Year-end chart performance for "Thieves in the Temple"
| Chart (1990) | Position |
|---|---|
| Australia (ARIA) | 98 |
| Netherlands (Dutch Top 40) | 93 |
| Netherlands (Single Top 100) | 76 |
| New Zealand (RIANZ) | 47 |
| Sweden (Topplistan) | 56 |
| US Billboard Hot 100 | 98 |
| US 12-inch Singles Sales (Billboard) | 29 |
| US Hot R&B Singles (Billboard) | 42 |
| US Cash Box Top 100 | 11 |

==See also==
- List of number-one R&B singles of 1990 (U.S.)

==Cover versions==
- Herbie Hancock recorded an instrumental version of "Thieves in the Temple" on his 1996 album The New Standard, implicitly nominating the song as a contemporary jazz standard.

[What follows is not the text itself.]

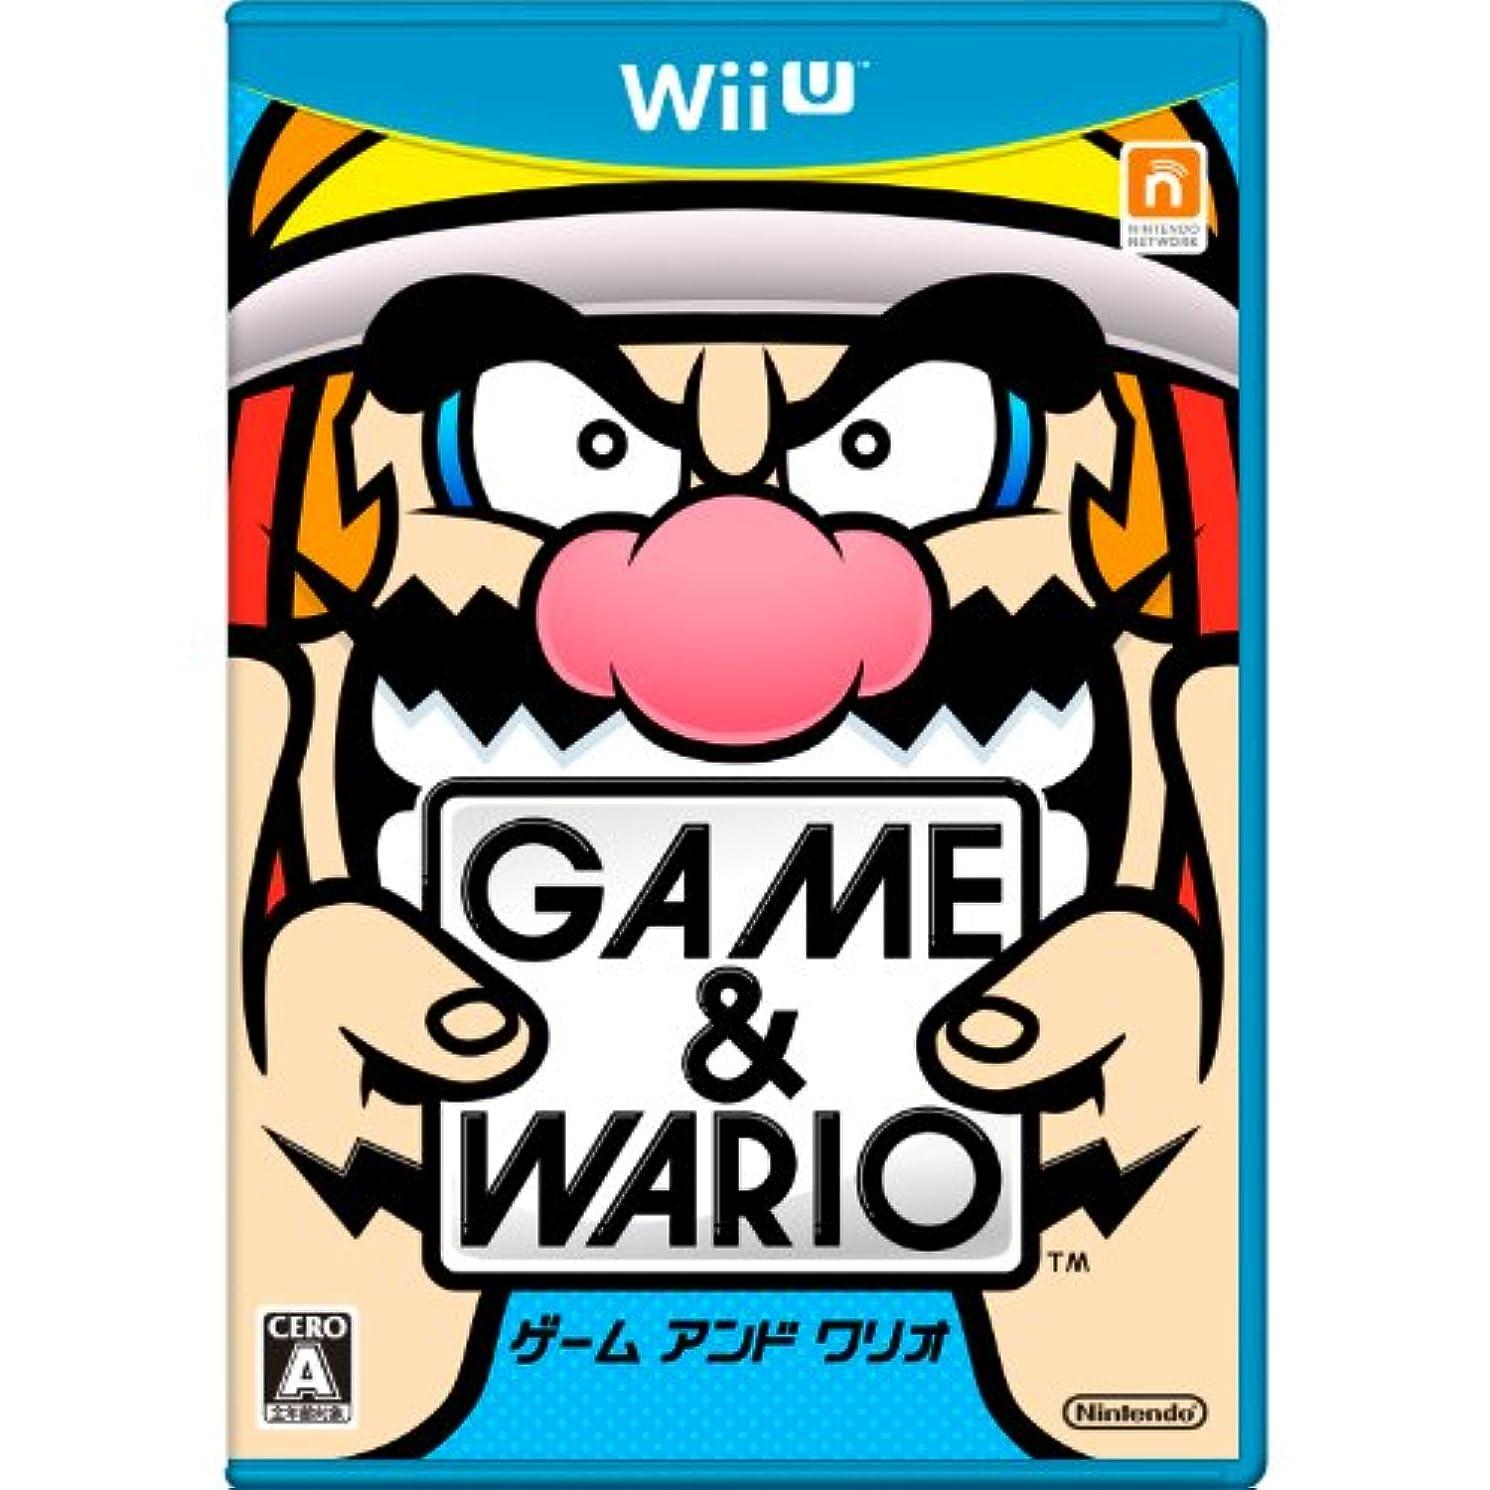 故意のはねかけるスピーチゲーム&ワリオ - Wii U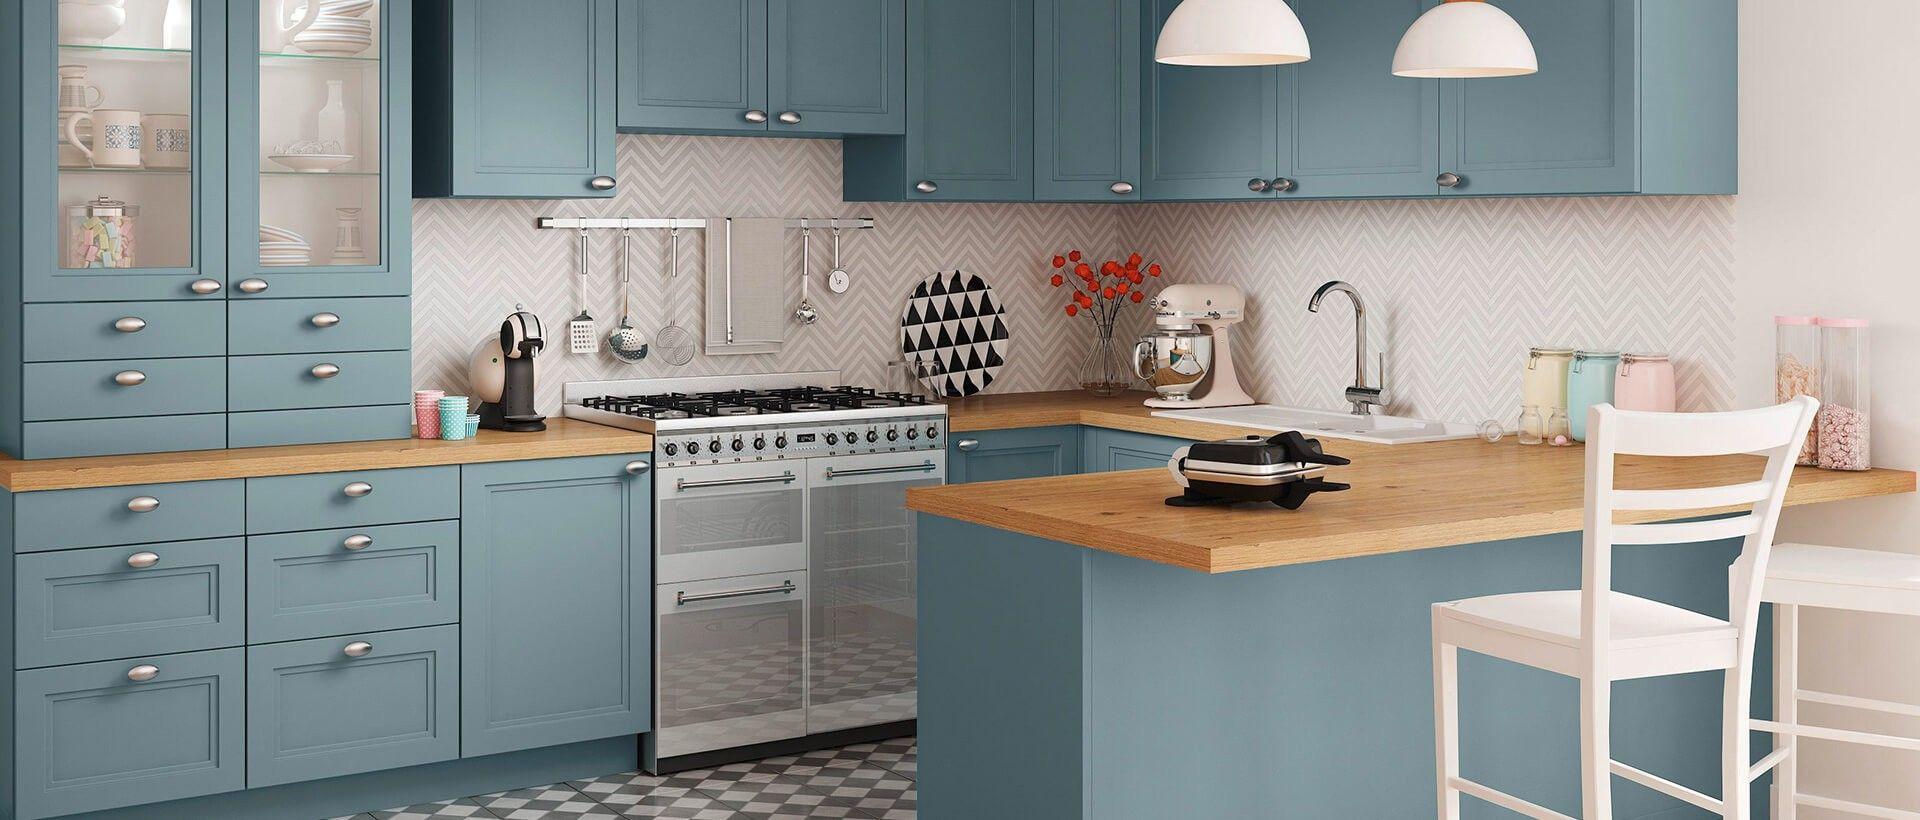 But Cuisines : cuisine équipée, moderne, kitchenette, meubles de

- Renée Geyer covered the song on her album, Tenderland (2003).
- A version was also recorded by experimental band Ulver, in the style of their album Shadows of the Sun with guest vocals by Siri Stranger.
- Prince's scream at the end of the song was sampled for the 1993 Eddie Murphy and Michael Jackson duet, "Whatzupwitu".